| Information supplied |
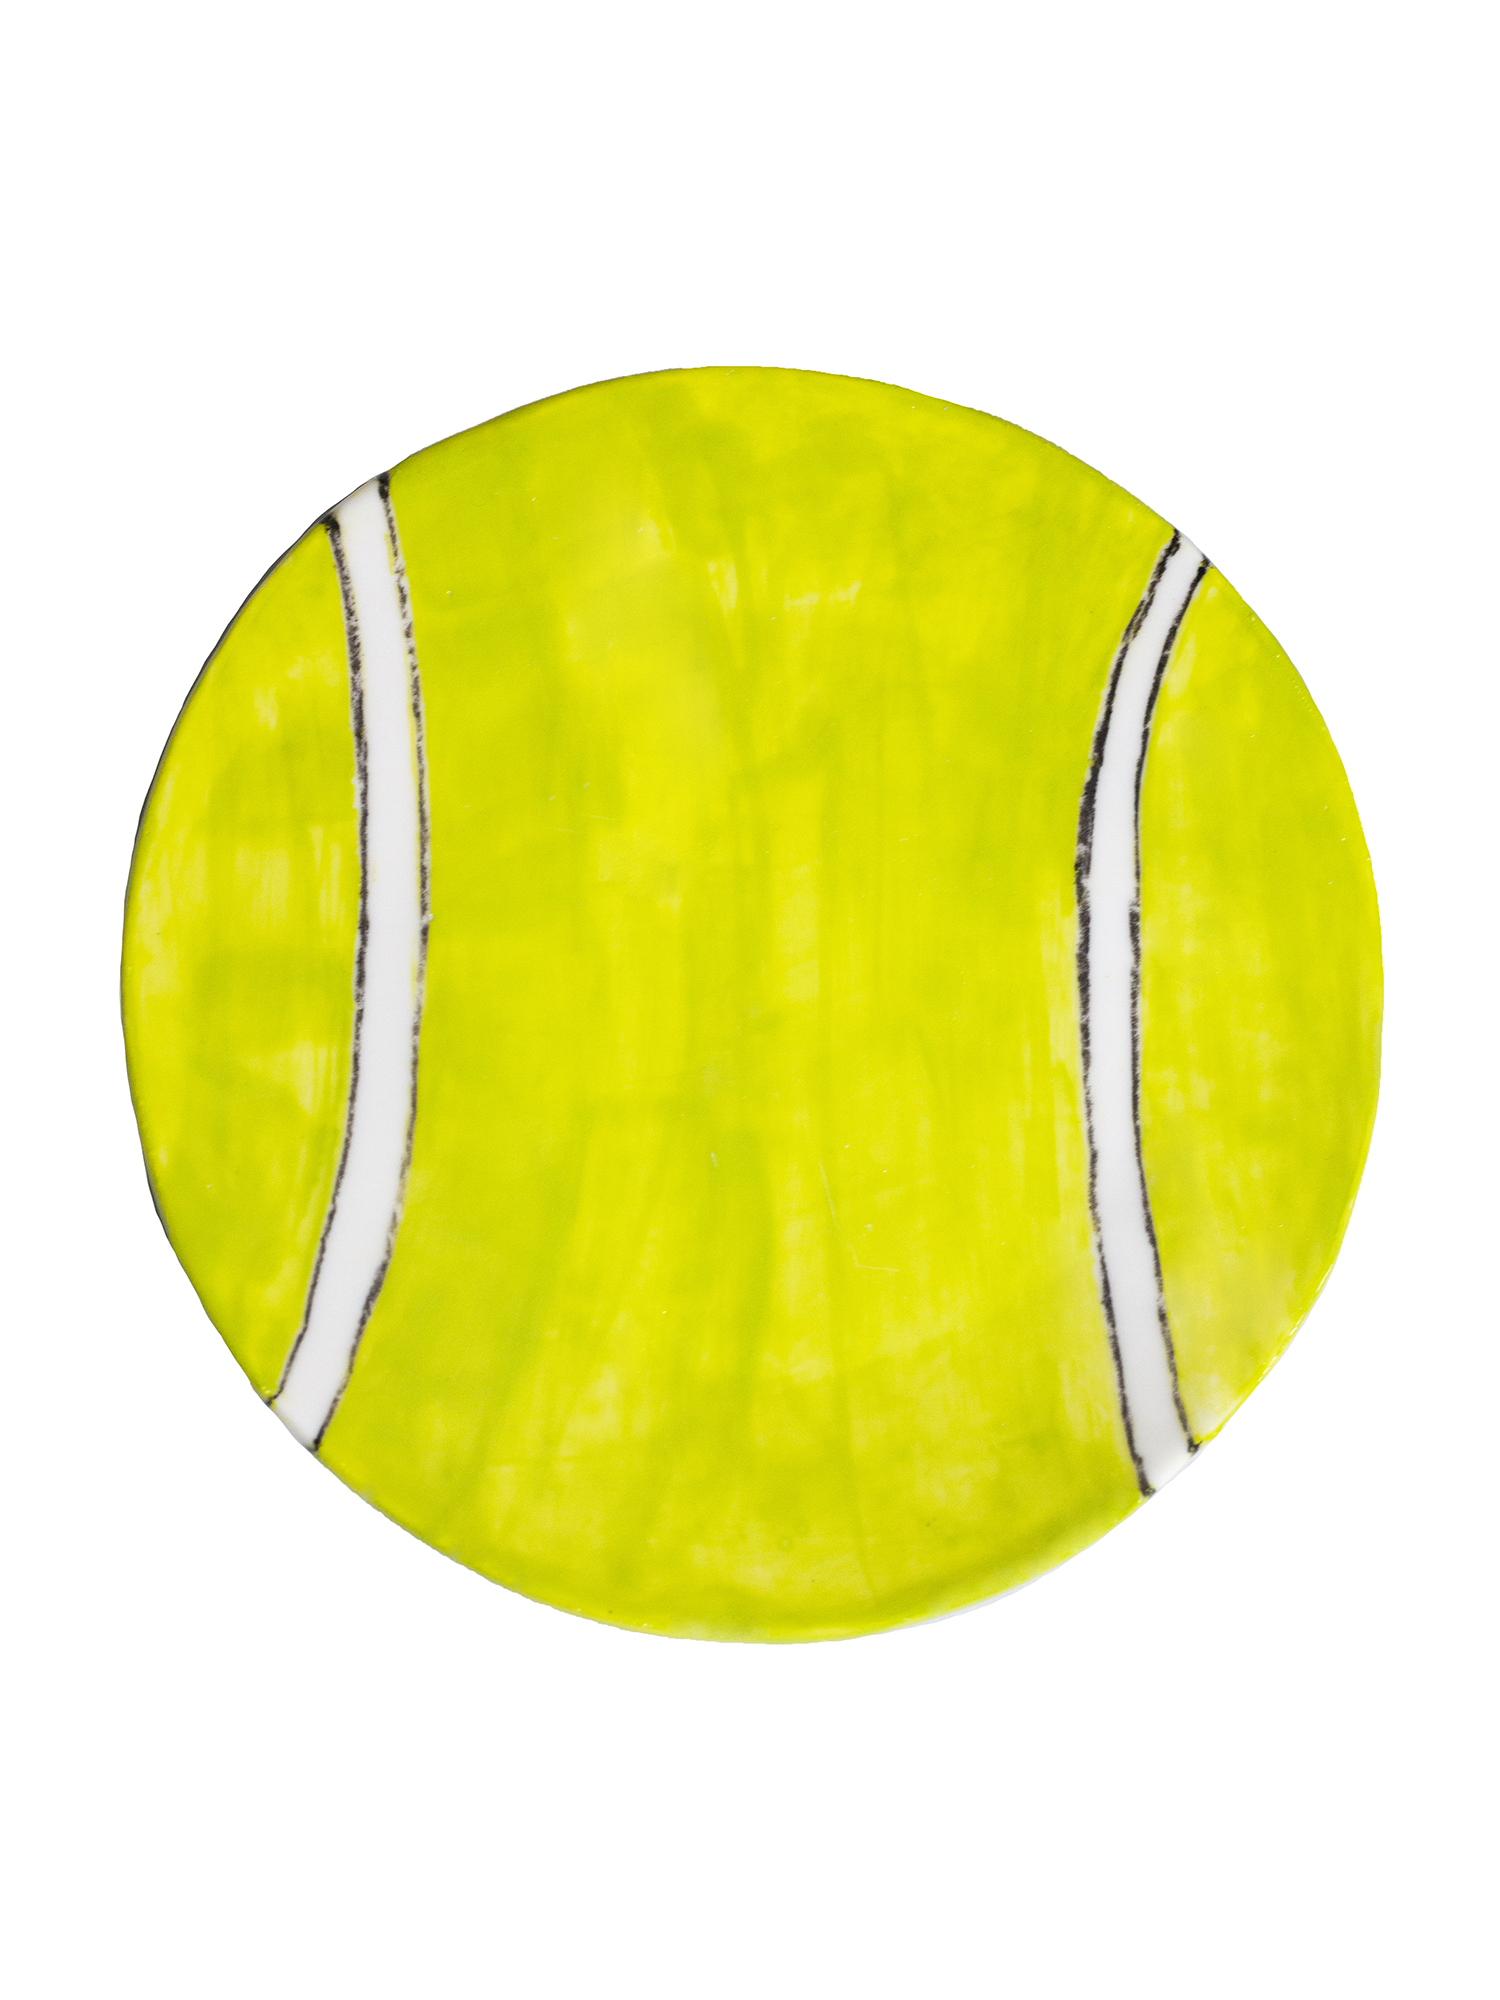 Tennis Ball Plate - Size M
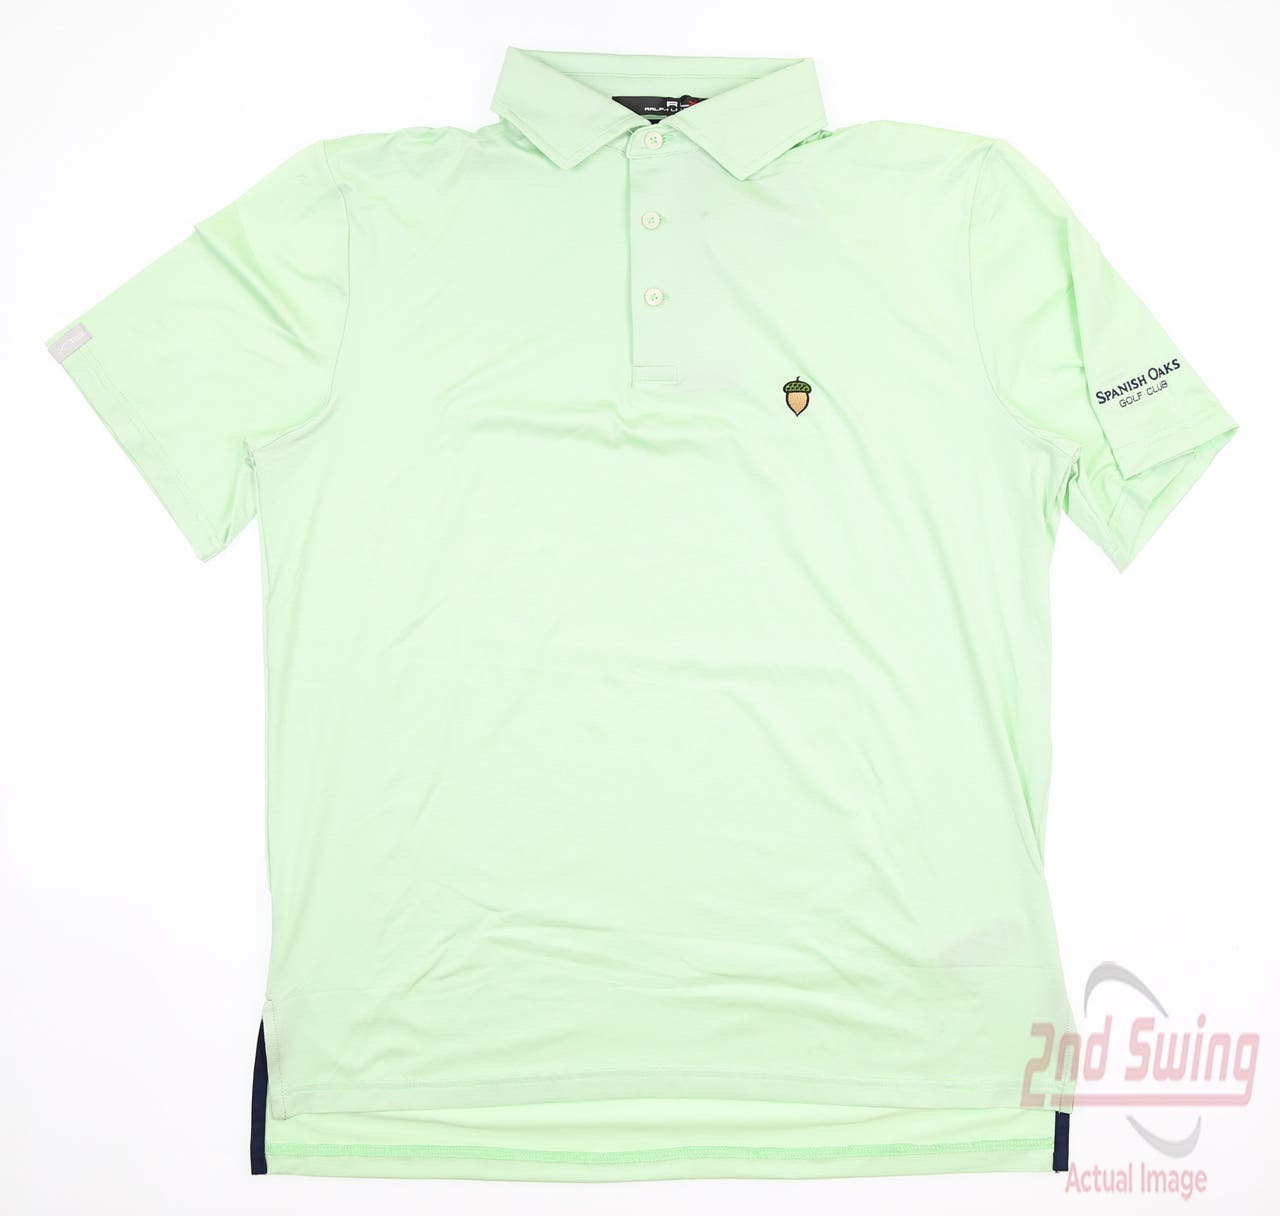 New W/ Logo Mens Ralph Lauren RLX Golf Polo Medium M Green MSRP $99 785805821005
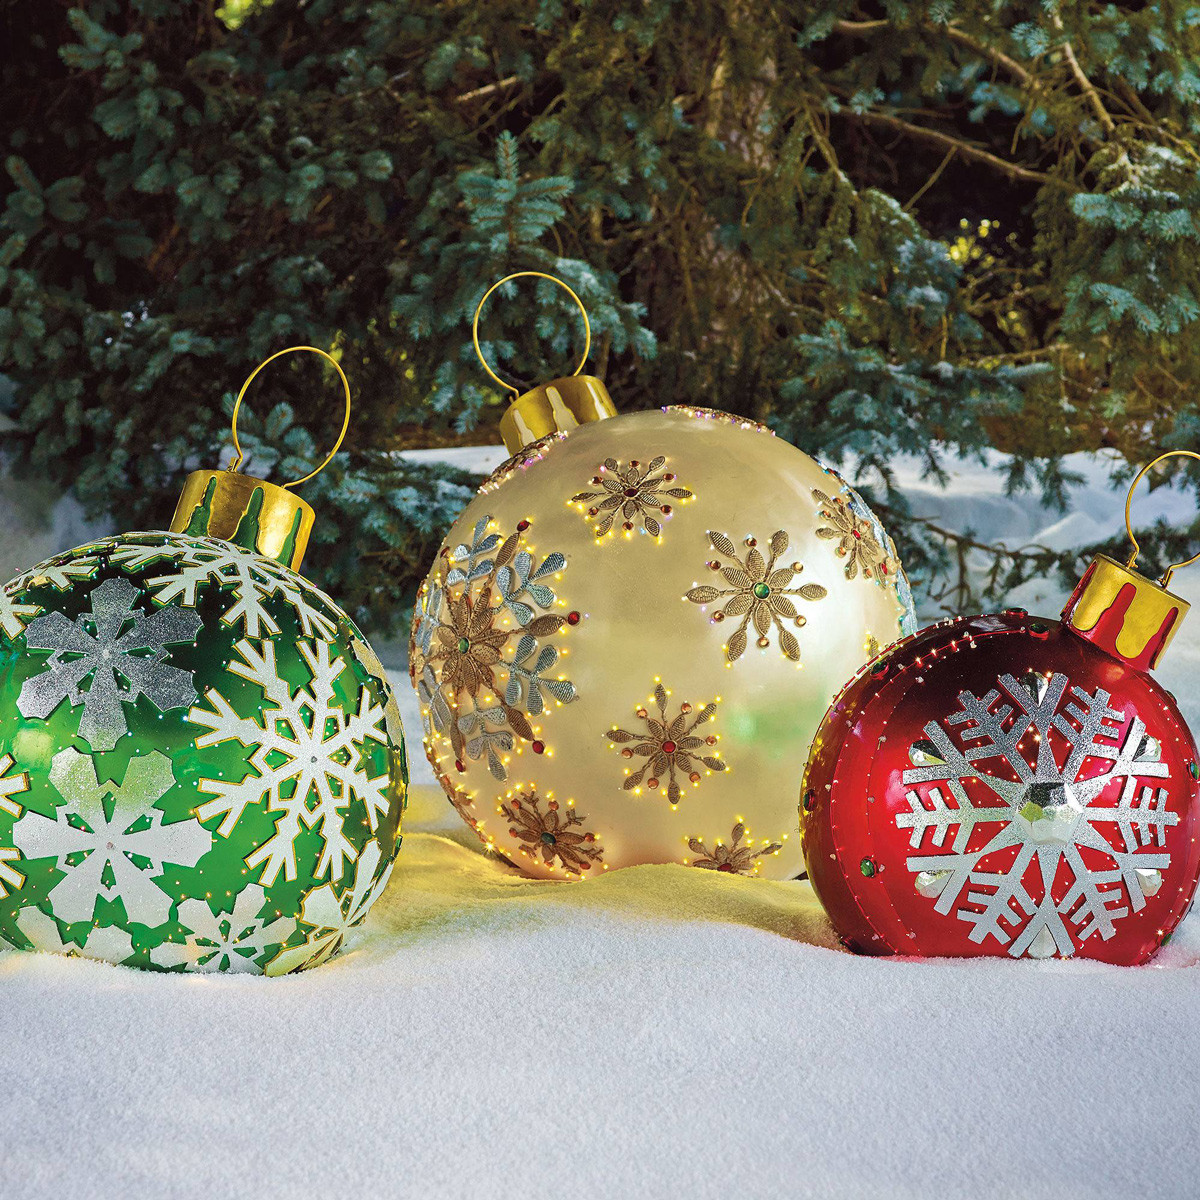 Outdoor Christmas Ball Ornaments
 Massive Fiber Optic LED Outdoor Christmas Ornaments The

| Problem |
Replicate the material above verbatim; images stay out of the copy.

| Result |
 Tennis Ball Plate - Size M
 New W/ Logo Mens Ralph Lauren RLX Golf Polo Medium M Green MSRP $99 785805821005
 Outdoor Christmas Ball Ornaments
 Massive Fiber Optic LED Outdoor Christmas Ornaments The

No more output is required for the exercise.